We all need to understand that the most significant statistics that will impact on the economy and stocks will be infection and death rates. If they explode beyond expectations, the calculations of economic destruction will magnify and stock prices will slide. However, if containment policies work better than expected, then the worst-case scenarios become less credible.

So it’s a waiting game and I’ll be watching European and US virus data, as well as our own numbers.

But we do have to be careful not to be sucked in by the pandemic dramatists. I say this from personal experience. I recently read something that I thought was a credible analysis of what could happen.

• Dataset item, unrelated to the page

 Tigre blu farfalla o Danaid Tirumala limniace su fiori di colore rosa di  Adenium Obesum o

The data, tables and charts were all very insightful and the tone was convincingly worrying, until the writer jumped out of stats into the real world.

He then described how our hospital systems won’t be able to cope with the demands of virus victims who present to hospitals but the hospital won’t have enough respirators, so the staff will pick and choose who gets to breathe and live!

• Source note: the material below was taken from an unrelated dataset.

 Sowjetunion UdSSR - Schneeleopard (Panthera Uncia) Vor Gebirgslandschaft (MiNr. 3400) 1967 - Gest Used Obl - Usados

That’s when I said to myself: “Hang on, most doctors say the symptoms for most are ignorable and many people infected won’t even know they have it!”

Sure, if you are over 60 and have respiratory issues, you should take extreme precautions but this table I showed in my Weekend Switzer story shows who should be Coronavirus cautious.

Of course, any percentage of people dying should not be taken lightly, but every year influenza takes too many innocent flu victims. What I’m arguing is that this doomsday dramatist may have watched one too many Gwyneth Paltrow Pandemic movies!

I’d like to tell you the worst is over for stocks, but I’d simply be giving you my best guess. If virus statistics look like a global horror movie, then it will give rise to global market madness and mayhem.

I’m trained to guess/forecast economies and financial markets, but Pandemics 101 was never offered in any courses I studied and taught at the University of New South Wales.

But as a market and economic historian, I’d say we’ll rise today. But I suspect the people who make money out of selling and then buying when others are fearful will be ready to pounce and sell again to cash-in on the uncertainty, which increased over the weekend.

Yep, when you ramp up self-isolation, social distancing, ban gatherings over 500 and virtually send a nation home for two weeks or maybe more, you hurt the economy, company profits and income-earning. And share prices have to come under pressure again.

The question is whether the $17.6 billion stimulus package will be enough to offset all these Government-imposed changes?

In the GFC, the Rudd Government threw $10.6 billion at the recession threat in October 2008 and then brought out the bazooka in February 2009, pumping a huge $42 billion into the economy. Unlike any other Western economy, we avoided a recession and our unemployment rate didn’t top 6%! Now that was a HUGE positive result and our stock market reacted in this way:

Source: au.finance.yahoo.com

The big drop on the left of this chart is the GFC stock market crash. And the big spike to the right of it followed the $42 billion package and the US rescue policies that gave Wall Street positivity.

We are still in the fear zone for stocks, and sell offs are likely as surprise negative revelations come along. If the virus stats get better quicker than expected because of these global policies of ‘closing stuff down’ work, then stocks could beat gravity. But until then we need to be cautious.

The Wall Street bounce was a great sign, but I suspect we have a few more market challenges ahead. No one is an expert on how this pandemic will affect stocks but I’m hoping for big stimulus packages as a form of insurance against a very bad recession. Watch this space!